If you haven't the space that means smaller or higher value items etc. 
I question the whole idea of "bespoke" - it makes sense for posh tailors and dress makers but not for woodworkers.
The only things I've ever had made "bespoke" are my teeth (NHS)!


----------



## Phil Pascoe (23 Jan 2016)

There was an article in one of the wood working mags in the early 90s where someone had said they had to charge £20 an hour as a self employed furniture maker. This was immediately condemned as being absolute nonsense by several people. He came back with a breakdown of all his costs - insurances, machine maintenance, council tax, electricity, time spent sourcing materials and other things that couldn't be directly charged, you name it - and proved that he'd have been £100 per week better of working for someone else.


----------



## sawdust1 (23 Jan 2016)

Sorry jacob i will disagree with your bespoke comments as i would consider most of my furniture work to be bespoke.
Say for example a customer rings up " can you make an Oak dresser to fit between our TV and a window " so i call around and measure up they choose 3 draws, 3 doors with open shelves above colour and finish of their choice, as its made to order is that not bespoke.
All my kitchens are made to fit a customers space which would be different to a house in the next street, it would not fit anywhere else , is that not bespoke.
Say the Oak dresser costs £2,000, i would expect 50 % deposit and balance on delivery then onto the next order to keep the cash flowing. I would not have the spare money, space or the time to make say 5 more and then try and find customers to take them unless i had an outlet for them, that would tie up thousands of pounds with the risk of them being unsold.
phil.p surely the wage you pay yourself is separate from the running costs of your business. You should know these fixed cost day to day and a proportion of this is factored into the cost of an item.


----------



## Phil Pascoe (23 Jan 2016)

Certainly. He was working for himself because he wanted to, and if he charged more he would not have had a business. The penalty he paid for happiness and self satisfaction was knowing he'd have earned more working for someone else.


----------



## lurker (23 Jan 2016)

This is not woodwork, but I priced up doing what I do as a consultant, in a profession with very few overheads and no equipment beyond a PC and printer. Basically just selling my knowledge but no physical product.
To bank the same money and have the same paid holiday plus a few days a year sick pay, I would need to charge a minimum of £80 per hour. I think people do not realistically calculate the hours that are not chargeable.


----------



## AJB Temple (23 Jan 2016)

I could not agree more with lurker and others. I have worked most of my life as a partner in one of the recognised professions for a well known global firm or as a director of companies. Generally we were selling a time pyramid (lots of hours of junior staff, fewer but far more expensive for senior staff). If I told you my charge out rate many would be shocked, but the fact is that you cannot charge every hour and the accumulation of serous expertise and experience is costly. Most people in my experience materially under estimate both business fixed and variable costs and business risks. They also see their time rather than selling their expertise - which can lead to dramatically different value assessments. I love working with my hands. It makes no sense at all for me to do it for a living though and this may be true of many. For some the trade off is worth it, but then the work is verging on vocational. I think it is pretty difficult to make serious money from woodworking. To make money (and especially capital value in a business that can be sold) businesses need to be scalable and create a brand. It is a different ball game. 

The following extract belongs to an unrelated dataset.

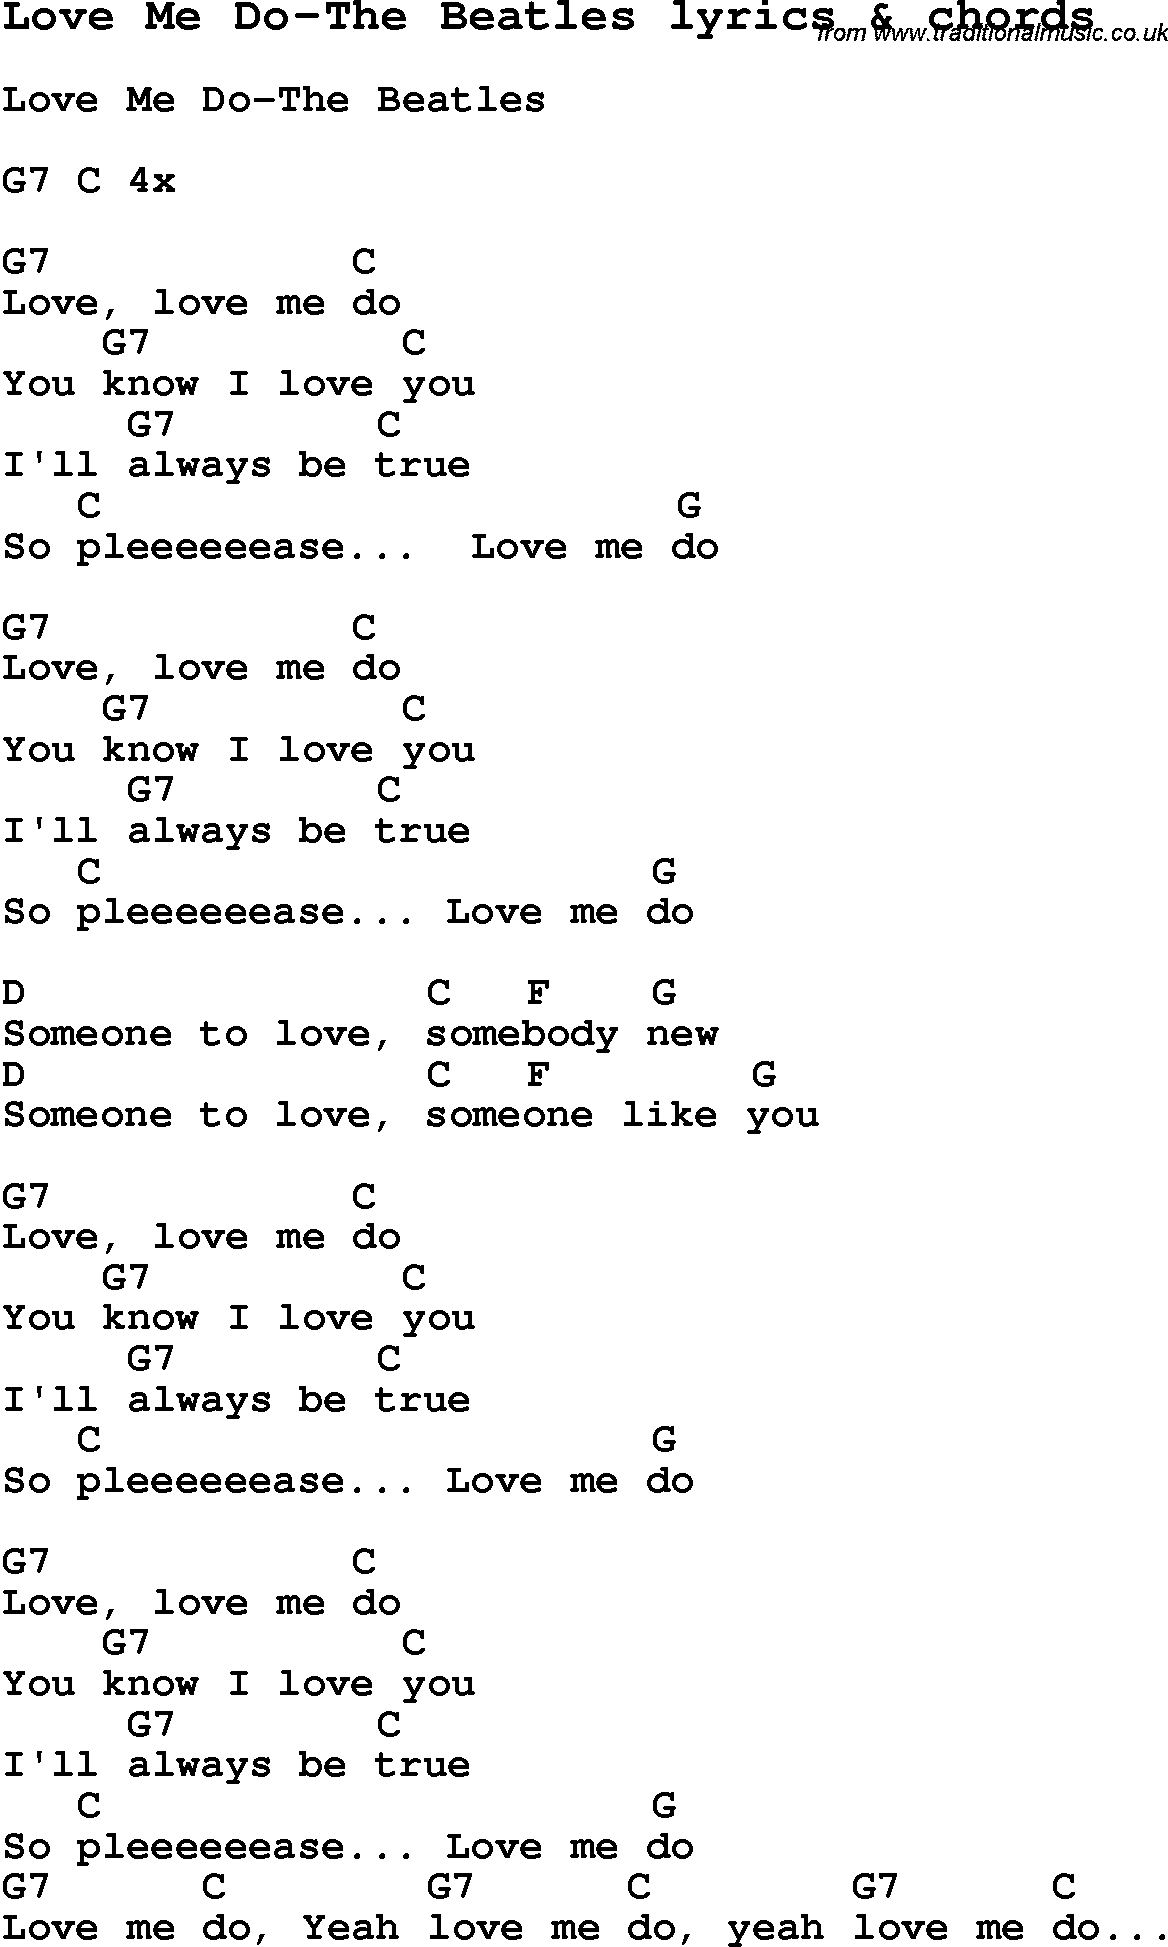 Love Song Lyrics for: Love Me Do-The Beatles with chords for Ukulele, Guitar Banjo etc.

It is interesting that the OP has not responded much to his thread.


----------



## sitefive (24 Jan 2016)

wow thank you guys for all the ideas,
by ''bespoke'' I mean- same item but each in different dimensions/colours- to fit somewhere, So I guess I have that already covered by sticking to only few things.

At first when I started I made loooads of different items (small stuff) like shelves etc, sold some 30+ started to calculate the time it takes to make those small items and expenses and general effort and dropped that idea as it gave just terrible terrible return for the headaches involved dealing with lots of people for small value items.
Now I'm sticking only to larger items where I can charge more and need to get only few customers and that is working out much better.

I guess I'm really unlucky as I live up in North and I barely get any online orders from my area, pretty much everything needs to be shipped to around the London. I do OK locally tho for things always in demand such as tables, but again, the houses where they go to are just super posh and there aren't as many of them here as near London.

Now the plan is just to earn more funds from this and try to expand more online with a hope that one day I can grow this to larger scale and can outsource the work to another country and just ship the products over here, I can see few people already doing this.


----------



## Adam9453 (24 Jan 2016)

I do find it irritating when someone's goal in business is to achieve outsourcing.
Support your local area and country as they would have no doubt supported you.
If you want to flog imported furniture just open a bloody shop!


----------



## Terry - Somerset (24 Jan 2016)

I took up amateur woodwork/turning after taking early retirement. Having previously been an accountant I did idly wonder whether there might be a living to be made out of a hobby. After idly wondering I came to the conclusion that there were two ways:

- very high end, high quality, high prices. This route requires real design ability, craftsmanship and access to the right markets which may anyway take 5 - 15 years to develop as a business (if you have the skills)

- products with a wider market appeal - lower prices, higher volumes. To stand a chance of being competitive you need the right machinery, a production line approach to manufacture, sourcing materials by the cu. metre, etc. As a one man band trying to do everything - production, sales, administration, purchasing, cash collection, accounting etc - it is very hard work. If you employ people you have added issues with recruitment, training, insurance, sickness cover etc etc. Pricing will nearly always be compared to the mass market (think Ikea etc) where costs are low due to high volumes, multi £m investment in plant and/or cheap far east labour rates.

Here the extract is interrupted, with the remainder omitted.